The LLM weights remain frozen; gradients flow only through projection layers.
Memory Requirements
| Component | VRAM (bfloat16) |
|---|---|
| Qwen3-VL-8B-Instruct | ~16 GB |
| SAM3 | ~4 GB |
| SigLIP | ~2 GB |
| VideoMAE | ~1 GB |
| Wav2Vec2/Whisper | ~1 GB |
| Total | ~24 GB |
Recommended: NVIDIA A100 (40/80 GB) or H100
Limitations
-
Real-time Processing Bottleneck: The current latency for generating full perception features is severely limited by the Segmentation and Masking model.
-
SAM3 Detection Speed: Processing currently averages ~3.25 to 3.36 seconds per frame for full detection [A: 478, A: 10]. This prevents true real-time analysis and necessitates the implementation of cascaded processing for efficiency.
-
Whisper transcription adds processing time for audio-heavy content
-
OCR accuracy depends on video resolution and text clarity
Future Work
High Priority
Cascaded Processing and Efficiency
Implement Trigger Detector: Integrate the TriggerDetector mechanism to enable selective analysis (cascaded processing). This system must monitor perception outputs (e.g., SAM3 detecting a ‘boss’ or Qwen2-Audio detecting an ‘explosion’) and only activate the high-cost reasoning core (Qwen LLM) when a significant, high-confidence event is detected [A: 147, A: 163, A: 418].

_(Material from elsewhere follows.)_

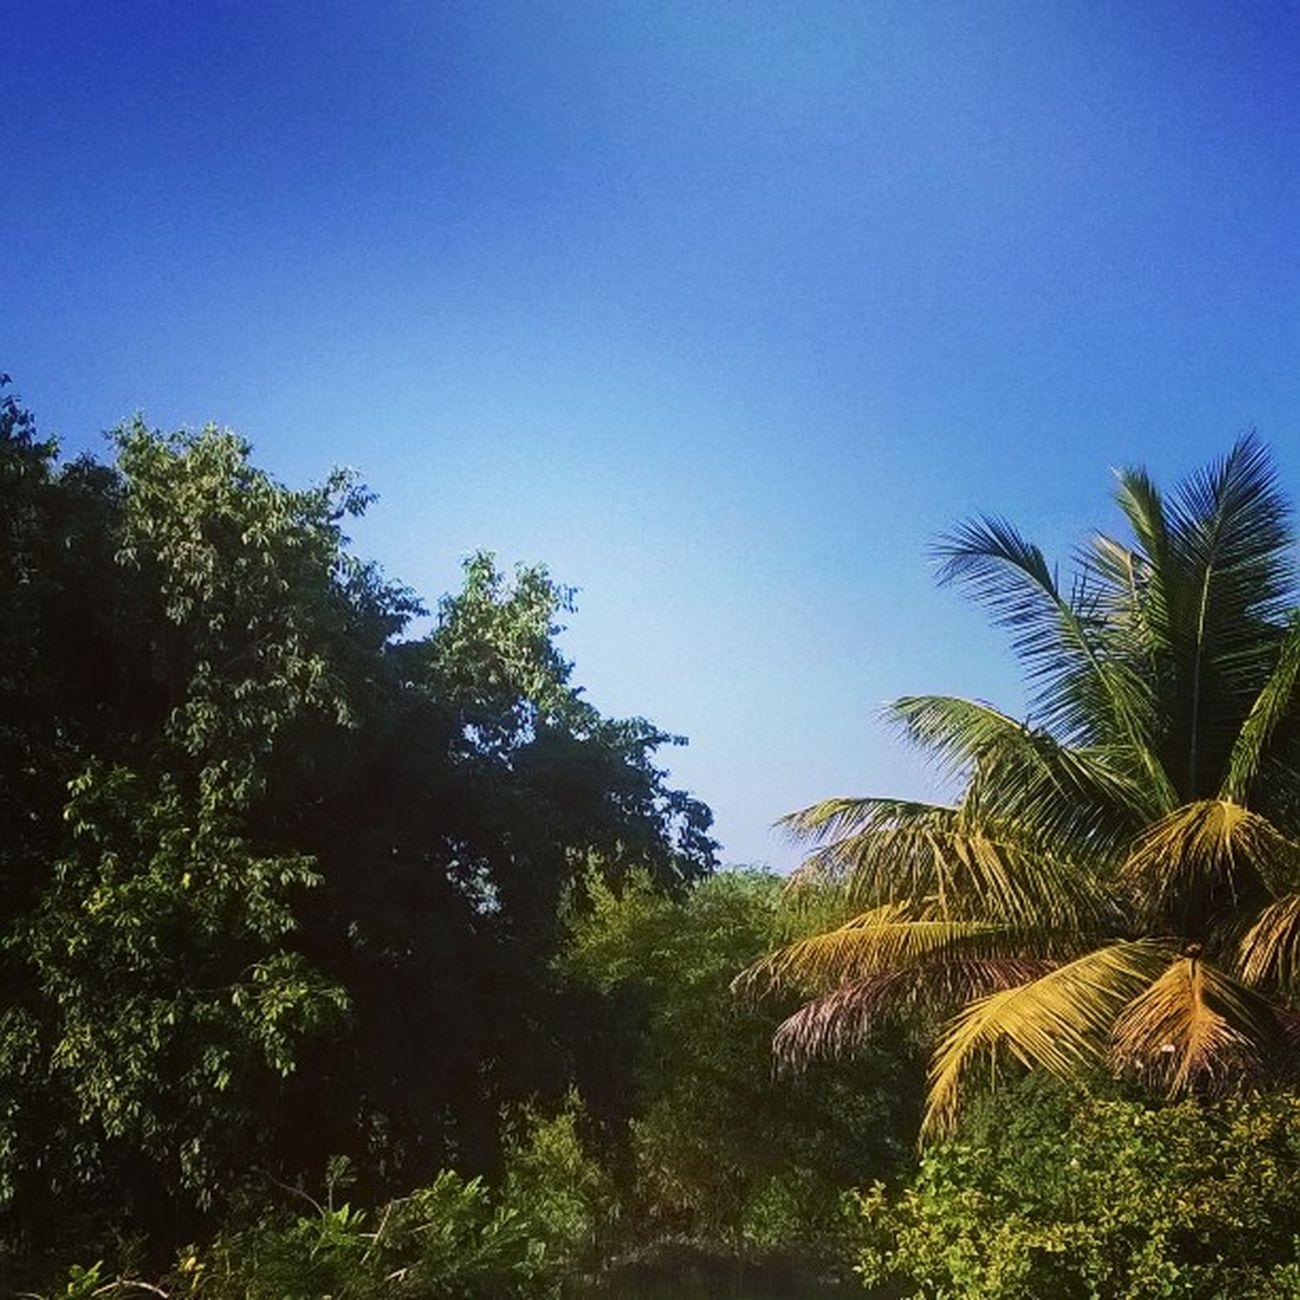 Sunnyday CARIBBEANLIFE Trini2dbone Nature

Integrate Temporal Context Management (HiCo): Activate the TemporalContextManager to use Hierarchical Token Compression (HiCo), ensuring the LLM receives a continuous, rolling compressed context representing the last 5–10 minutes of video via VideoMAE embeddings. This maintains long-range causal awareness while keeping token consumption low [A: 299, A: 405, A: 425].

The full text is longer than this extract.